§ **EXTRACTED RECORDS**:
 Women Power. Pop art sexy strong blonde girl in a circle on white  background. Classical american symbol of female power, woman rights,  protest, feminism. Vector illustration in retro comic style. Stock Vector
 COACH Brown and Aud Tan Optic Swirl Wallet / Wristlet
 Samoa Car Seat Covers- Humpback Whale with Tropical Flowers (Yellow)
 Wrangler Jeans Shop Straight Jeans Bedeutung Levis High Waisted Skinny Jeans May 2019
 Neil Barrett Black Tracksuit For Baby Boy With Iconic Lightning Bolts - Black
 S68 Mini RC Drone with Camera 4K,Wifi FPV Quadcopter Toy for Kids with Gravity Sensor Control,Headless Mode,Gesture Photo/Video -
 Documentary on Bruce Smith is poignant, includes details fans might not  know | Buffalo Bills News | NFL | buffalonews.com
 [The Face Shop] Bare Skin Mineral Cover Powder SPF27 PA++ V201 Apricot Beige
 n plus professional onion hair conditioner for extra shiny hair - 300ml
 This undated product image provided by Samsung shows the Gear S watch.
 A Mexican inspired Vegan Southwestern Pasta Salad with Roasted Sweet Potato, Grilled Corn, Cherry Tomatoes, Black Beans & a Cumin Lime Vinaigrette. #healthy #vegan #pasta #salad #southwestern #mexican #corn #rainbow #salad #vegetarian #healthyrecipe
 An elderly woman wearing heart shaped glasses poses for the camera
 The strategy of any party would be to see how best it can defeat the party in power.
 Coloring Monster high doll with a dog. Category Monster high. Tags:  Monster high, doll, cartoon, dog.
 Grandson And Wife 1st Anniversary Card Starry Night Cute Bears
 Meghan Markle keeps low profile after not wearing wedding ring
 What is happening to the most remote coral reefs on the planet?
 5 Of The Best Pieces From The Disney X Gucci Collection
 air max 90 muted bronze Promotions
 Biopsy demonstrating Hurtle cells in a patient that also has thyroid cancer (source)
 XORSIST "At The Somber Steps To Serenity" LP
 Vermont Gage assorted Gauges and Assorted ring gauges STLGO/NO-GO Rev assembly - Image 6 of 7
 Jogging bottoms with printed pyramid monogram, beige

§ **DIRECTIONS**: Set down, unchanged, the line that contains "What is happening" together with every later line in the records, through the last one.

§ **COMPLETED EXERCISE**:
 What is happening to the most remote coral reefs on the planet?
 5 Of The Best Pieces From The Disney X Gucci Collection
 air max 90 muted bronze Promotions
 Biopsy demonstrating Hurtle cells in a patient that also has thyroid cancer (source)
 XORSIST "At The Somber Steps To Serenity" LP
 Vermont Gage assorted Gauges and Assorted ring gauges STLGO/NO-GO Rev assembly - Image 6 of 7
 Jogging bottoms with printed pyramid monogram, beige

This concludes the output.